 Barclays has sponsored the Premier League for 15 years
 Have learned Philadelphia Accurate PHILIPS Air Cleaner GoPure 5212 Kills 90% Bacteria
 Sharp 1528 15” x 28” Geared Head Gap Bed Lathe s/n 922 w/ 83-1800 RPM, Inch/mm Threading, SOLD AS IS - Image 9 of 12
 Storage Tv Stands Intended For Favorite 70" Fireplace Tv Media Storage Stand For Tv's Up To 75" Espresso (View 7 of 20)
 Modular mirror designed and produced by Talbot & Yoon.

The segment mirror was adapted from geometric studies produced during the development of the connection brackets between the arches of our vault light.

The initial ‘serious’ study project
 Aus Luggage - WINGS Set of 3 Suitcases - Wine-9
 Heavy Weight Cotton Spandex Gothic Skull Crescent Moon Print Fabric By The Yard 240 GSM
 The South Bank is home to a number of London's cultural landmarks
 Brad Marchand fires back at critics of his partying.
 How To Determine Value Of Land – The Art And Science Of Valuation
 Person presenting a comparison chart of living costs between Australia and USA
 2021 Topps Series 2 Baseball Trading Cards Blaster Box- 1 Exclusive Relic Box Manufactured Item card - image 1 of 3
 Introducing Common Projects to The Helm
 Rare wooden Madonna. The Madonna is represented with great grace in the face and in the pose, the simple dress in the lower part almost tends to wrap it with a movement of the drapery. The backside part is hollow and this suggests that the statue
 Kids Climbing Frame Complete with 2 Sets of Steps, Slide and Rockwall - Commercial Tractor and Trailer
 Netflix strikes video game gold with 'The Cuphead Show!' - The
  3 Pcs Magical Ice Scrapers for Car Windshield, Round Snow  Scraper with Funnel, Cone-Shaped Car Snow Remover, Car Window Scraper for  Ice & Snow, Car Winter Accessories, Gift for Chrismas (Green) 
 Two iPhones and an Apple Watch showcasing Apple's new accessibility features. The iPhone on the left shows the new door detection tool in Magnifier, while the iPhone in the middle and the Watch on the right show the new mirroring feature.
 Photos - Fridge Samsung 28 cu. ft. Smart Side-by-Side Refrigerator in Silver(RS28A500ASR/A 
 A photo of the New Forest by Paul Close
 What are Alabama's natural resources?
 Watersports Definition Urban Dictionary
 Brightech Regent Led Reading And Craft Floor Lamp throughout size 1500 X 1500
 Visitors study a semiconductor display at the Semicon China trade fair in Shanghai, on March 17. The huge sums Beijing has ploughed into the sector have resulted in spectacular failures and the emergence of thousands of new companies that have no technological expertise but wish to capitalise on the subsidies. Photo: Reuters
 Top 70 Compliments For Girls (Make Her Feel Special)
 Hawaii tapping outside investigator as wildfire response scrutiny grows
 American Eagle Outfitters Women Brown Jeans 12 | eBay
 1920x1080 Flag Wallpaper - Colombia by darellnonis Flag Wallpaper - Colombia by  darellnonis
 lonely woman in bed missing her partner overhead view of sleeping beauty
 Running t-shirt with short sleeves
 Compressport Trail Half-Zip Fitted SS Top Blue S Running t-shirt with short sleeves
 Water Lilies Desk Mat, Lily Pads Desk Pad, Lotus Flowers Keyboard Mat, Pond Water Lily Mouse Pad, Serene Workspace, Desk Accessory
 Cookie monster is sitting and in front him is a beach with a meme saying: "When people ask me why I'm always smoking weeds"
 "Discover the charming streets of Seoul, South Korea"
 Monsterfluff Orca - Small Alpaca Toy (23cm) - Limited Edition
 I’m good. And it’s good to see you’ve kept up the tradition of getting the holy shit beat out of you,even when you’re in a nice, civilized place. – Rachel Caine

##########

* [EXERCISE DESCRIPTION]: Looking at the material above, count the lines that hold "Running" and give the total alone.

* [WRITTEN REPLY]: 2